# seq2seq 

## background

### the problem with traditional neural networks

traditional neural networks like anns (artificial neural networks) and cnns (convolutional neural networks) weren't cutting it for text data.

Two main significant reasons : 

- **fixed input size**: these models typically expect a fixed input size, which doesn't work well for variable-length sequences like sentences.
- **lack of temporal understanding**: they don't naturally capture the order and context of words in a sequence.

### rnns (recurrent neural networks)

rnns were introduced to handle sequential data better. they process input sequentially, maintaining a hidden state that can capture some context. however, they had their own issues:

- **vanishing gradient problem**: as the sequence gets longer, rnns struggle to carry information from earlier time steps.
- **limited context**: they have trouble capturing long-term dependencies in the data.

### lstm (kind of solve)

long short-term memory (lstm) networks were design to solve the RNN problem 

- **gating mechanisms**: lstms use gates to control the flow of information, helping to mitigate the vanishing gradient problem.
- **better at long-term dependencies**: they can carry relevant information across longer sequences.
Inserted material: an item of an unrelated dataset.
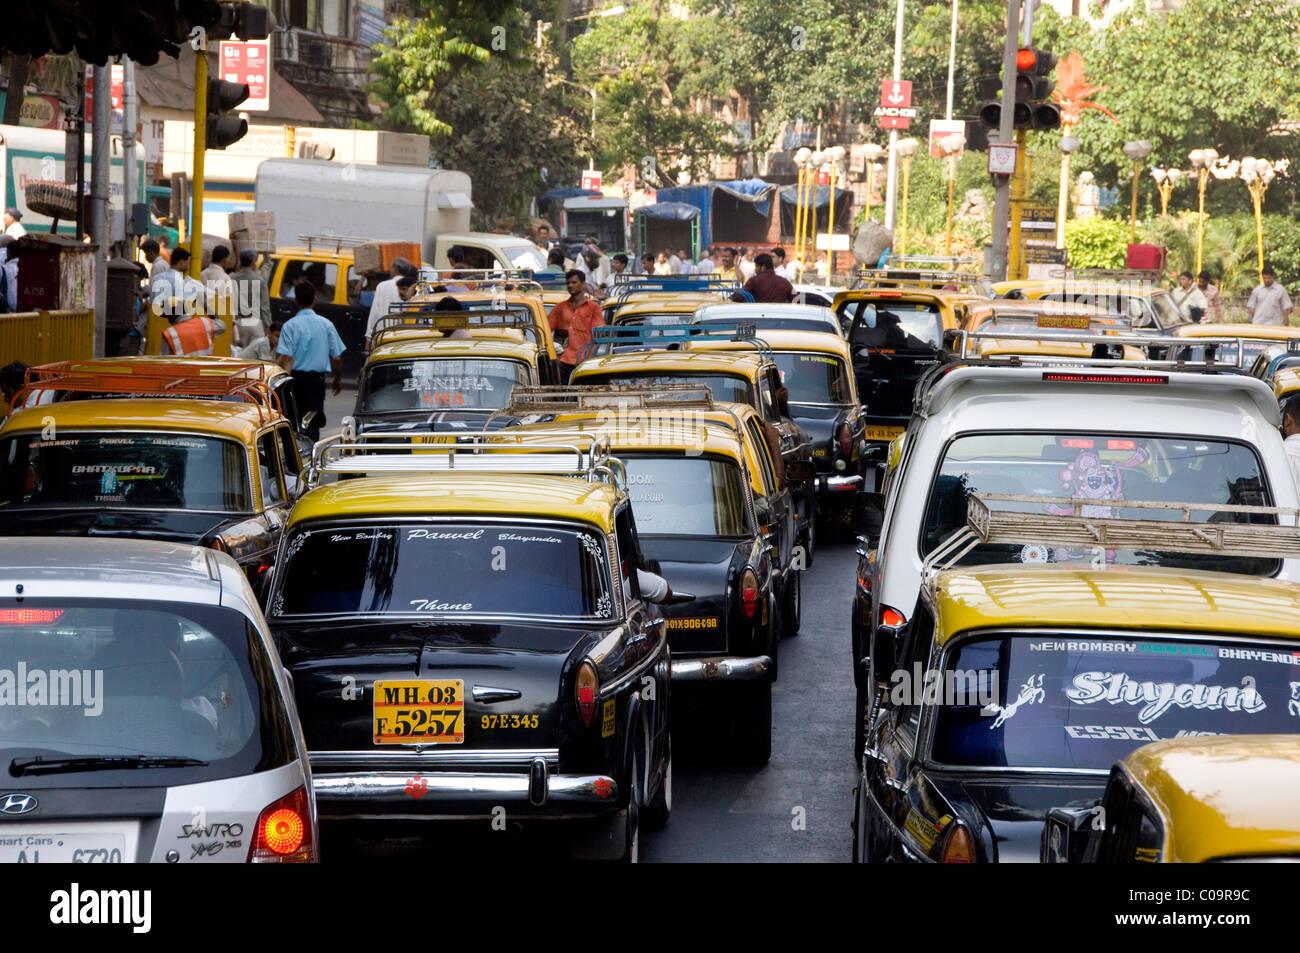 India, state of Maharashtra, Mumbai (aka Bombay). Typical commuter traffic in downtown Mumbai. Stock Photo

but even lstms (and their variants like grus - gated recurrent units) struggle with very long sequences.

## seq2seq: 

seq2seq (sequence-to-sequence) models were designed to handle tasks where both input and output are sequences, like machine translation.

### core idea

the seq2seq model consists of two main parts:

1. **encoder**: processes the input sequence
2. **decoder**: generates the output sequence

this architecture allows the model to map sequences of different lengths, which is crucial for tasks like translation where input and output lengths may vary.

### how seq2seq works

let's break down the process:

1. **input processing**:
   - text input is tokenized (split into words or subwords)
   - tokens are converted to numerical representations via an embedding layer

2. **encoding**:
   - the embedded input sequence is fed into the encoder (usually lstm-based)
   - encoder processes the sequence, updating its hidden state at each step
   - final hidden state of the encoder captures the essence of the input sequence

3. **context vector**:
   - the final hidden state of the encoder becomes the "context vector"
   - this vector is meant to encapsulate the meaning of the entire input sequence

4. **decoding**:
   - decoder initializes its hidden state with the context vector
   - at each step, the decoder:
     - takes the previous output and its current hidden state as input
     - produces a probability distribution over the output vocabulary
     - selects the most likely token as the output for that step

5. **output generation**:
   - the process continues until the decoder generates an end-of-sequence token or reaches a maximum length

### IMP finding in seq2seq

1. **separate encoder and decoder**:
   - allows handling different languages or domains for input and output
   - enables more parameters without excessive computational cost
   - can be trained separately, adding flexibility

2. **deep lstms**:
   - stacking multiple lstm layers (typically 4) in both encoder and decoder
   - increases model capacity to capture complex patterns
   - helps maintain long-term dependencies

3. **input reversal**:
   - reversing the order of input tokens (but not output tokens)
   - creates shorter dependencies between source and target
   - makes optimization easier for gradient-based methods like sgd

4. **attention mechanism** (a later addition):
   - allows decoder to focus on different parts of input for each output token
   - significantly improves performance, especially for long sequences
   - paved the way for transformer models


### beam search decoding

instead of greedily selecting the most probable token at each step, beam search maintains multiple candidate sequences:

- keeps top-k most likely sequences at each step
- improves output quality by exploring more possibilities

### handling unknown words

seq2seq models struggle with words not in their vocabulary. solutions include:

- subword tokenization (e.g., byte-pair encoding)
- pointer-generator networks for copying unknown words from input

### bidirectional encoders

using bidirectional lstms in the encoder to capture context from both directions of the input sequence.


## limitations 


- still struggle with very long sequences
- computationally intensive, especially during training
- require large amounts of parallel data for training